According to the amended complaint, while the PTO's executive board set up a subcommittee to investigate this practice, "the Individual defendants breached their fiduciary duties by populating the Subcommittees with themselves and others who were not independent."
Plaintiff concedes the PTO eventually consulted a tax attorney to look into the matter and then followed the attorney's advice to return all "donations" to the donor families and corporations and to discontinue the practice.
C. MOU Negotiations: Flip-flopping on the Ask Amount Per Student and Not Insisting on a Key Provision.
Plaintiff alleges defendants' participation in the OCC led to other breaches of their fiduciary obligations. The OCC, as originally proposed by the District, asked each family to donate $2,000, with the first $250 going to the family's parent teacher organization and the remainder to the MPAEF. The District also proposed adding a line item of $50,000 to each school budget to fund field trips and special productions and if the OCC resulted in any additional monies, sharing it equally with the parent teacher organizations. However, when the District drafted and circulated an MOU for the OCC, it omitted language regarding the sharing of additional monies. Nonetheless, defendant Loftus, who negotiated the MOU for the PTO, allegedly failed to insist on this key provision or conduct adequate due diligence regarding whether $250 per student was sufficient.

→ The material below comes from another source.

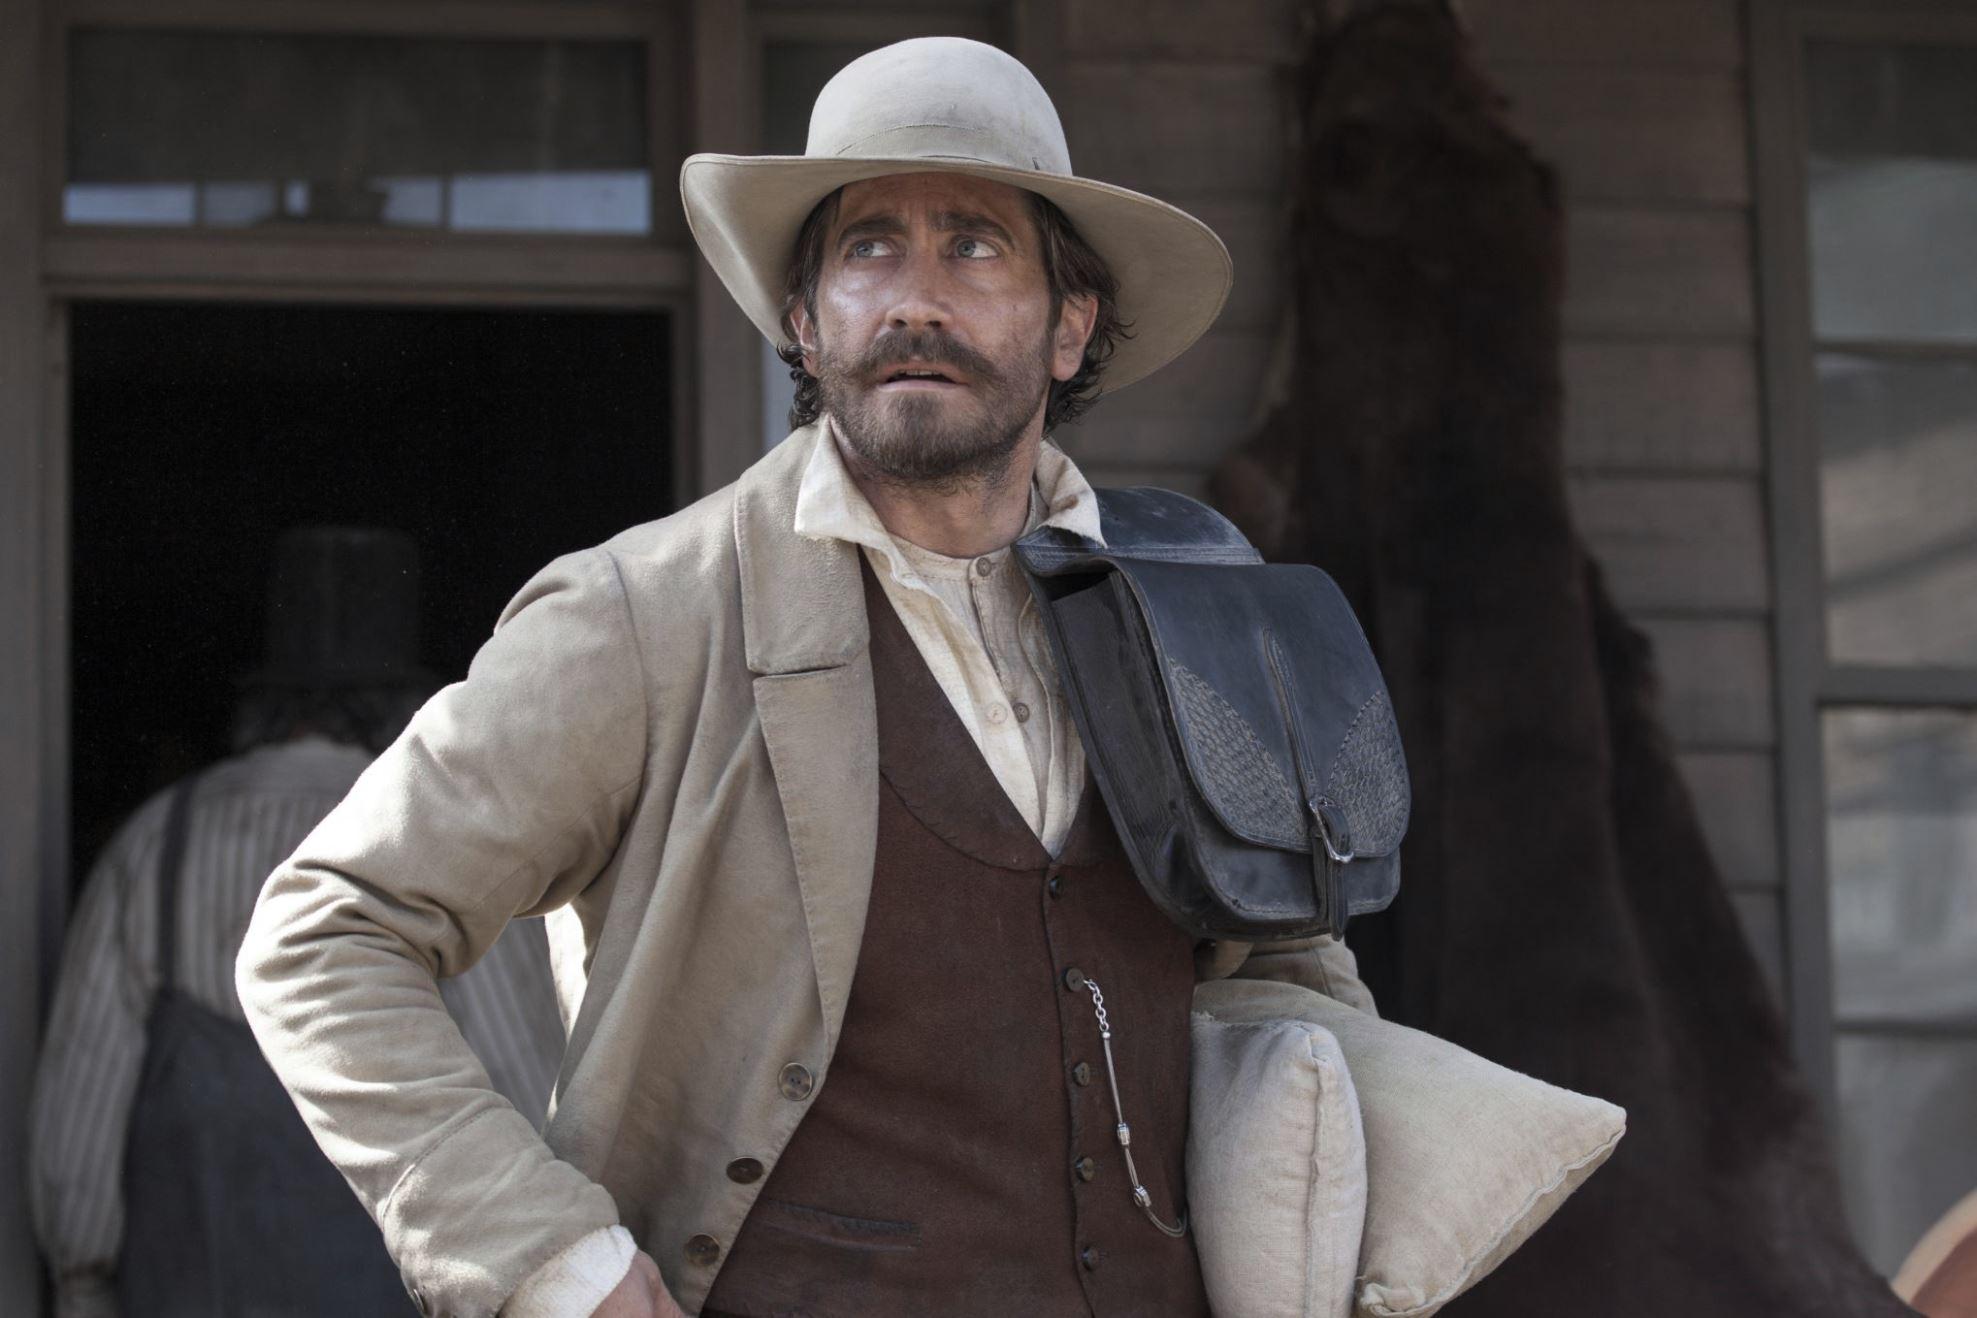 I fratelli Sisters: Jake Gyllenhaal in una scena del western

According to the amended complaint, plaintiff and the PTO's copresident, Kelly Parisi, told defendants the PTO needed to negotiate a higher "ask" amount per student in order to meet its budget. Initially, individual defendants including Loftus agreed the PTO should negotiate with the District for $300 per student. However, defendants Loftus, Lopez-Loftus, Patel, Rosa and Connors allegedly succumbed to pressure from defendant Creighton and agreed to support the original $250 ask per student even though the "evidence and support for . . . $300 per student was overwhelming." Further, the MOU was approved and signed with the $250 ask per student and without the District's promise to share any additional OCC monies-to wit, another alleged breach of defendants' fiduciary duties.

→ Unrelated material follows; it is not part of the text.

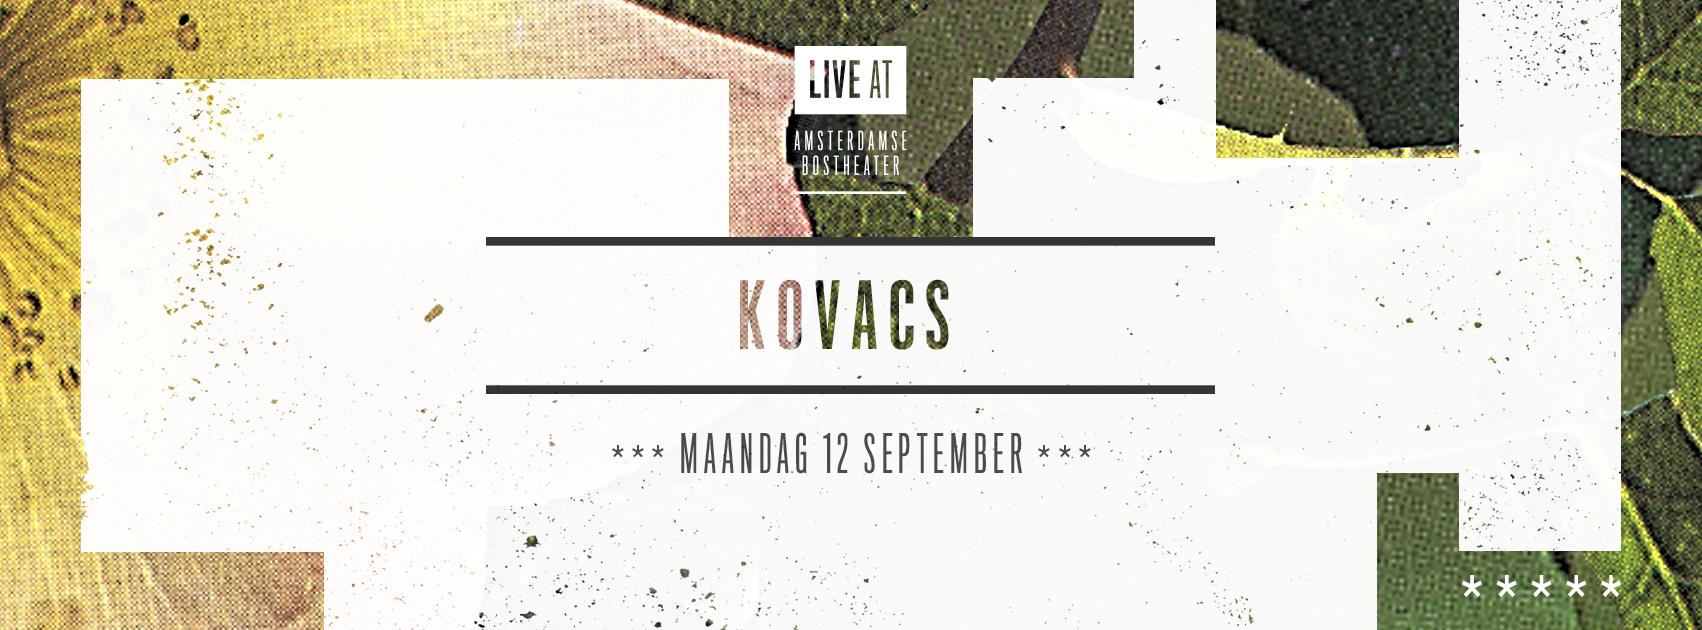 omslagfoto-kovacs

Plaintiff also alleges three individual defendants-Connors, Rosa and Lopez-Jaramillo-were also board members of the MPAEF, which created a conflict of interest in their work for the PTO.
D. Covering Up/Refusing to Properly Investigate Complaints of Bullying and Intimidation.
Lastly, the amended complaint alleges that when plaintiff and other PTO members voiced their concerns to defendant Creighton and other individual defendants regarding the aforementioned improper fundraising activities, defendants bullied and intimidated them and then orchestrated a cover-up of their conduct. Among other things, plaintiff alleges defendants failed to appoint an outside, or independent, third party to investigate the bullying and intimidation complaints and, instead, conducted a biased and incomplete internal investigation despite their own involvement.
II. Anti-SLAPP Motions.
On June 1, 2021, defendant Creighton filed a motion under the anti-SLAPP statute to strike all or part of the amended complaint. On June 28, 2021, individual defendants did the same. Defendants argued that all or some of plaintiff's claims are protected speech or conduct under the anti-SLAPP statute and that they lack minimal merit. Their separate motions were subsequently joined by the court.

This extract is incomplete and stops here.